Кстати, именно из-за окна я и рискнула встать с кровати и, крадучись, будто пугливая кошка, прошла все пять-шесть ярдов к огромному тонированному экрану с очень мутным отражением и комнаты, и меня. Хотя как раз в нём я и увидела себя в неестественном образе, будто невесомого призрака в воздушном «платьице» с распущенными по плечам и спине, чуть спутанными молочно-пепельными волосами. Я даже было сперва решила, что это двустороннее зеркало, и сейчас, по его другую сторону за мной кто-то наблюдает из соседнего помещения. И то, что оно было бронированным, я нисколько не сомневалась. Разве что ошиблась в своём первом предположении.
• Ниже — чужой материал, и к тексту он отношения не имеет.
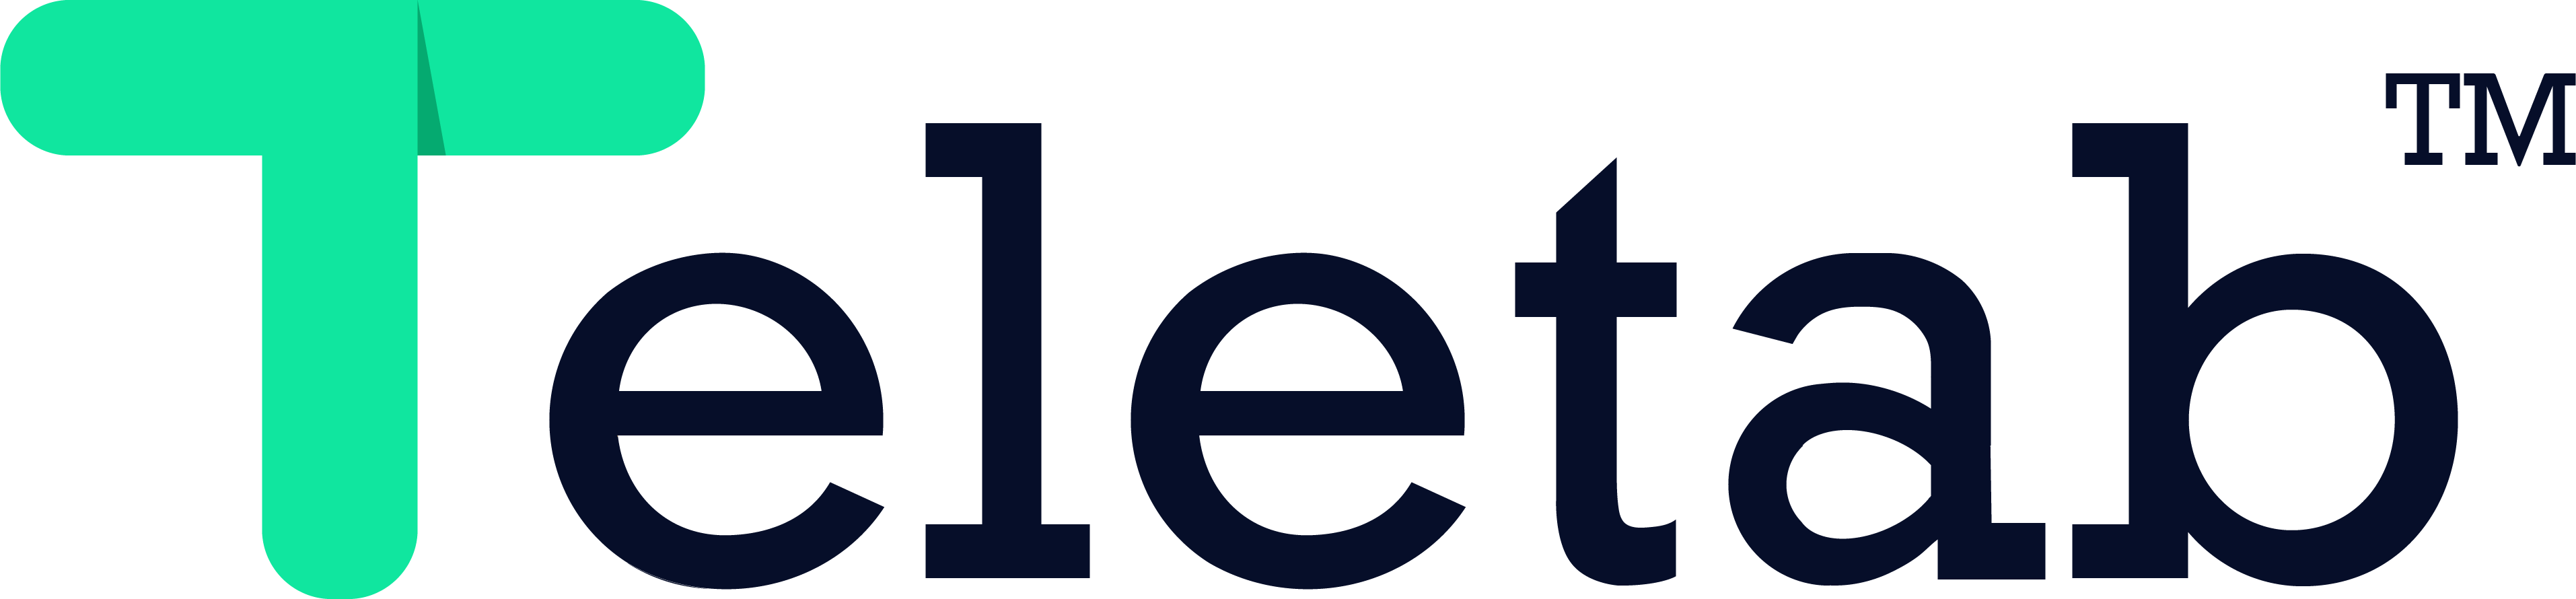 Teletab - #1 App Marketing Agency

Как только до стекла оставалось дойти меньше шага, а я уже было приподняла руку, чтобы коснуться его поверхности, как оно вдруг отреагировало на мою близость (возможно температуру моего тела или биологическую ауру) нежданным «преображением». Вся мутная поверх него «плёнка» вдруг начала «растворяться» и исчезать под проступающим пейзажем внешнего мира.
У меня даже челюсть от увиденного отвисла на какое-то время, когда перед моими округлившимися глазами нарисовался огромный, во всю цветущий сад, чем-то напоминающий по стилизации японский каменный и европейский модерн. Особенно из-за обилия камней, каскадных фонтанов и необычайных конструкций в виде строгих геометрических фигур или абстрактных сооружений. Правда, на садовые «скульптуры» и беседки я обратила внимание едва ли не в последнюю очередь. Прежде всего в глаза ударили слегка приглушённые окном и густыми кронами деревьев яркие лучи дневного солнца. А потом меня поразило обилием цветущих кустов и явно экзотических растений, возможно даже не земного происхождения. Причём я не сразу поняла, что во всей этой буйной палитре преобладало больше всего— сочная зелень или же пышные соцветия распускающихся бутонов практических всех цветов радуги.